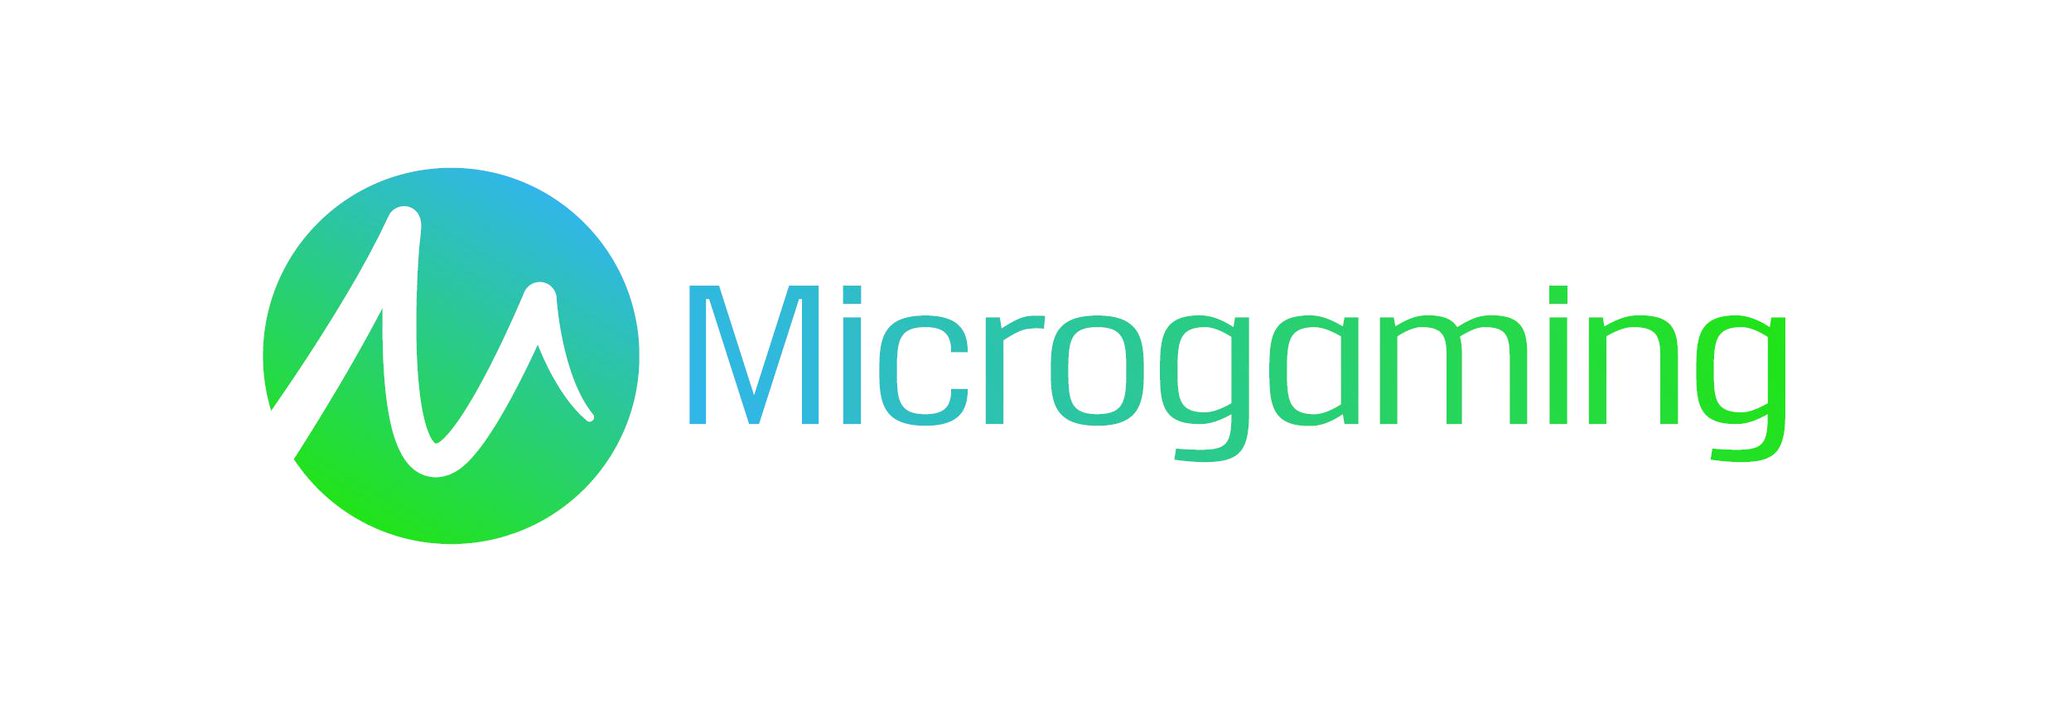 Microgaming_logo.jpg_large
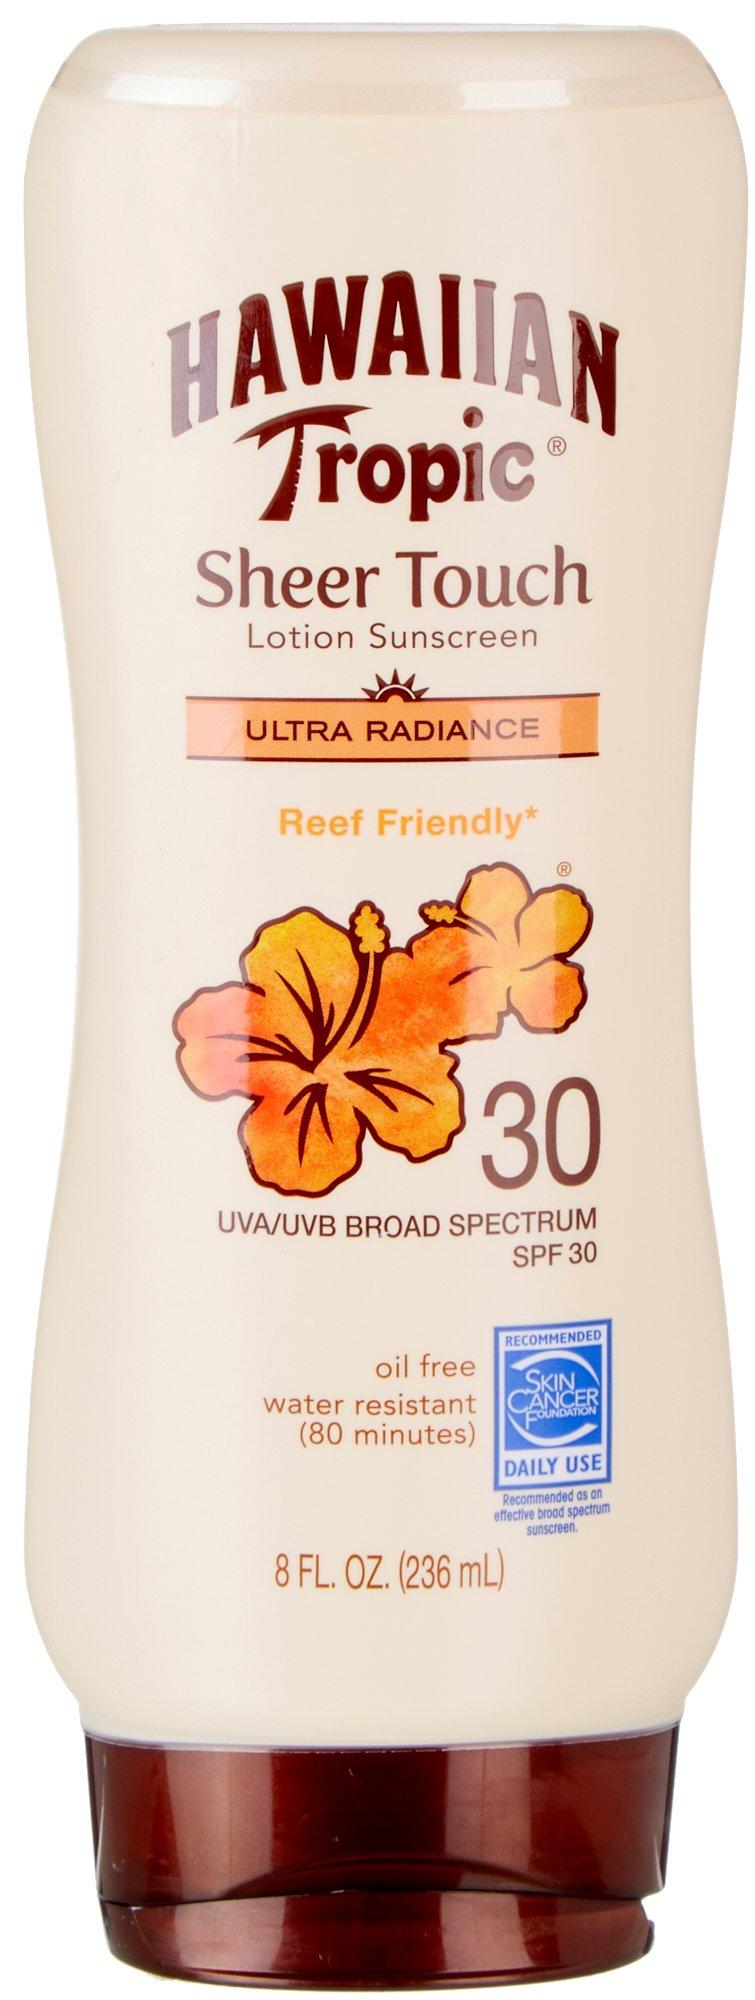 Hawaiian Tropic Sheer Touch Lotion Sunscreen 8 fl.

--

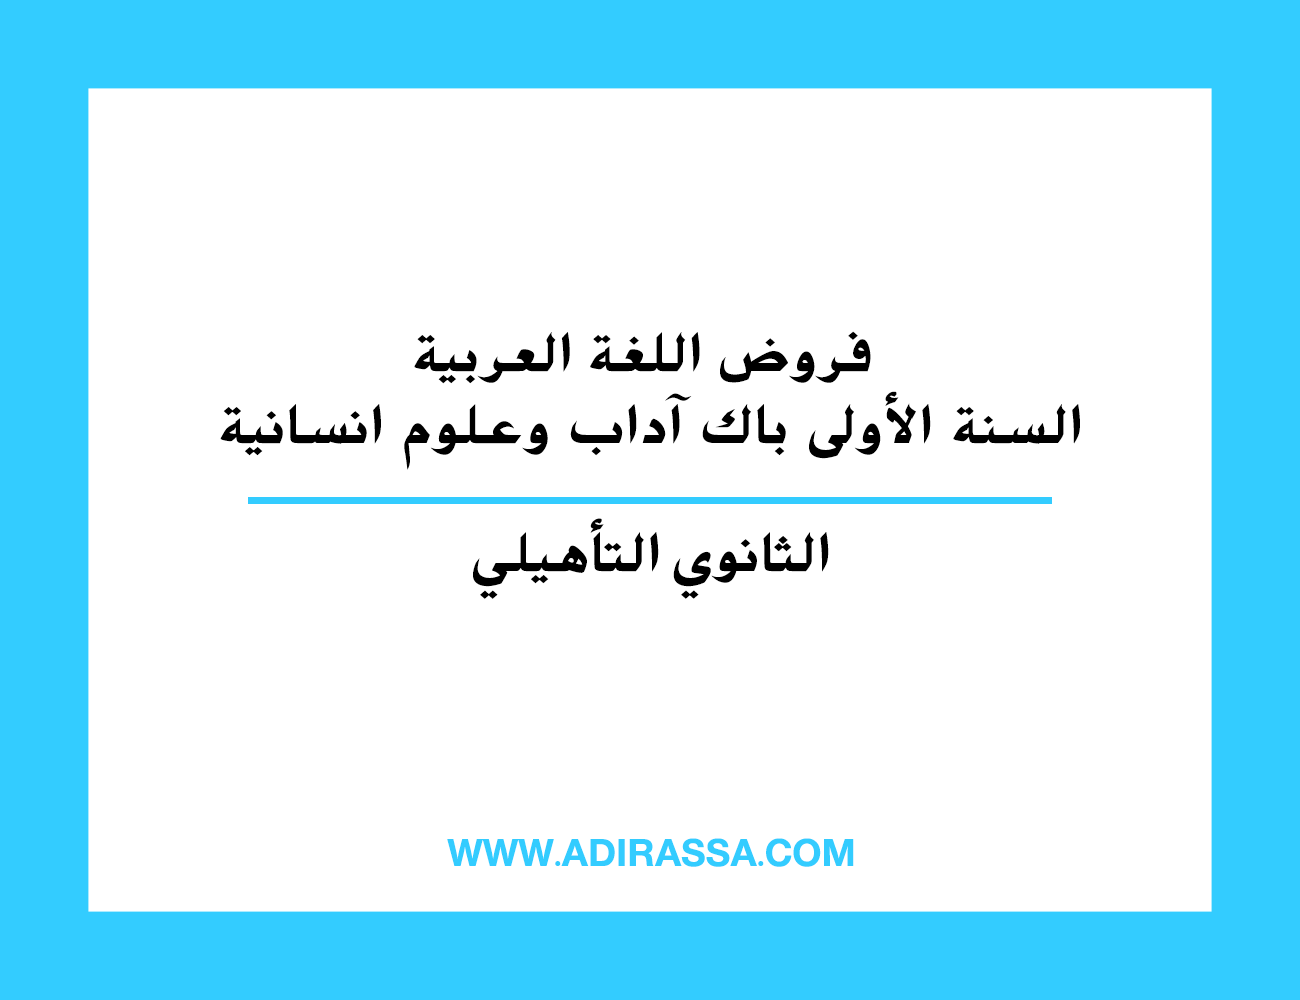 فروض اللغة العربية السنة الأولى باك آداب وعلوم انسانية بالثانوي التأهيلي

==

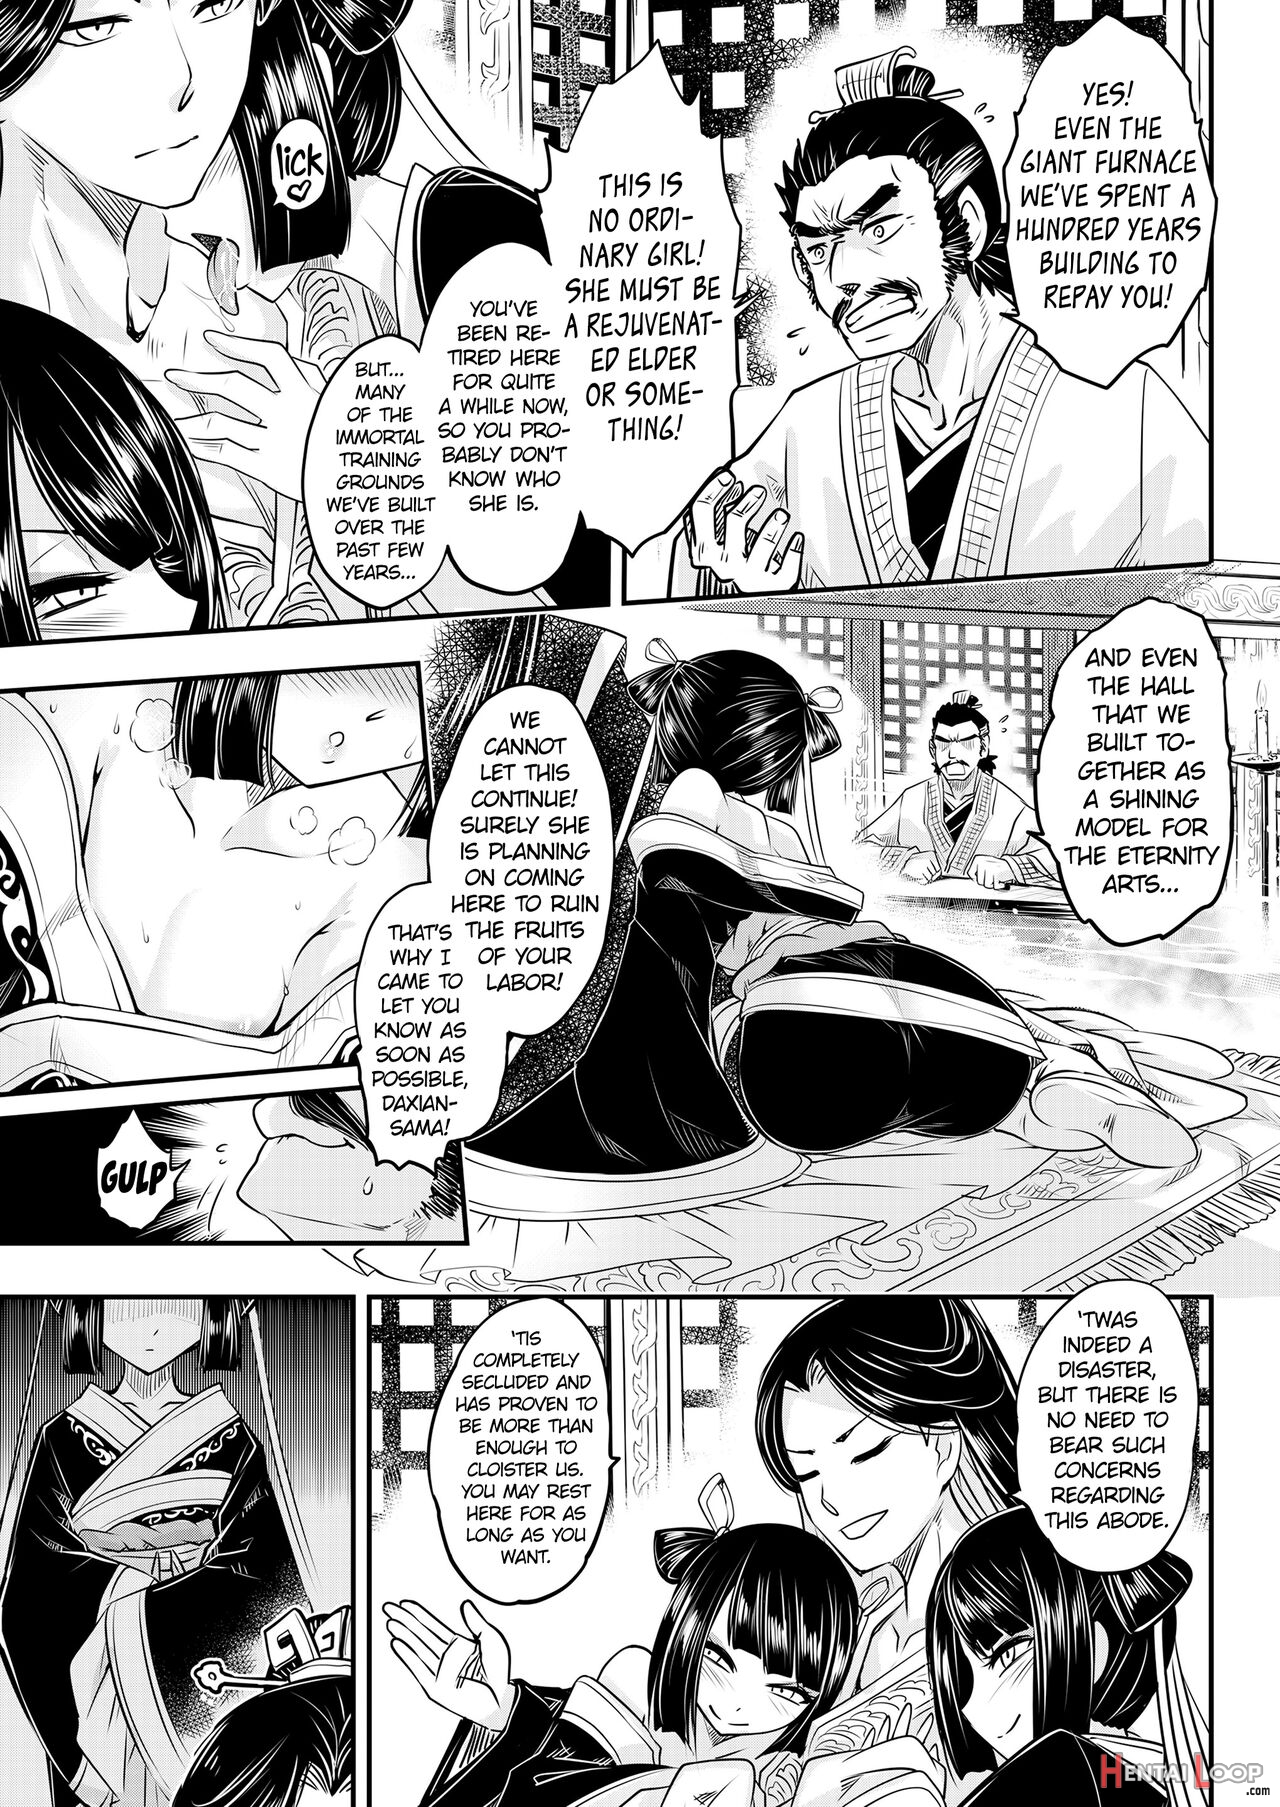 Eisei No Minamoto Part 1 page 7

# THE PROBLEM:
Leaving all pictures out, output exactly the lines of the material above from the line with "Microgaming_logo.jpg_large" to the line with "Hawaiian Tropic Sheer", both included.

# EXERCISE ANSWER:
 Microgaming_logo.jpg_large
 Hawaiian Tropic Sheer Touch Lotion Sunscreen 8 fl.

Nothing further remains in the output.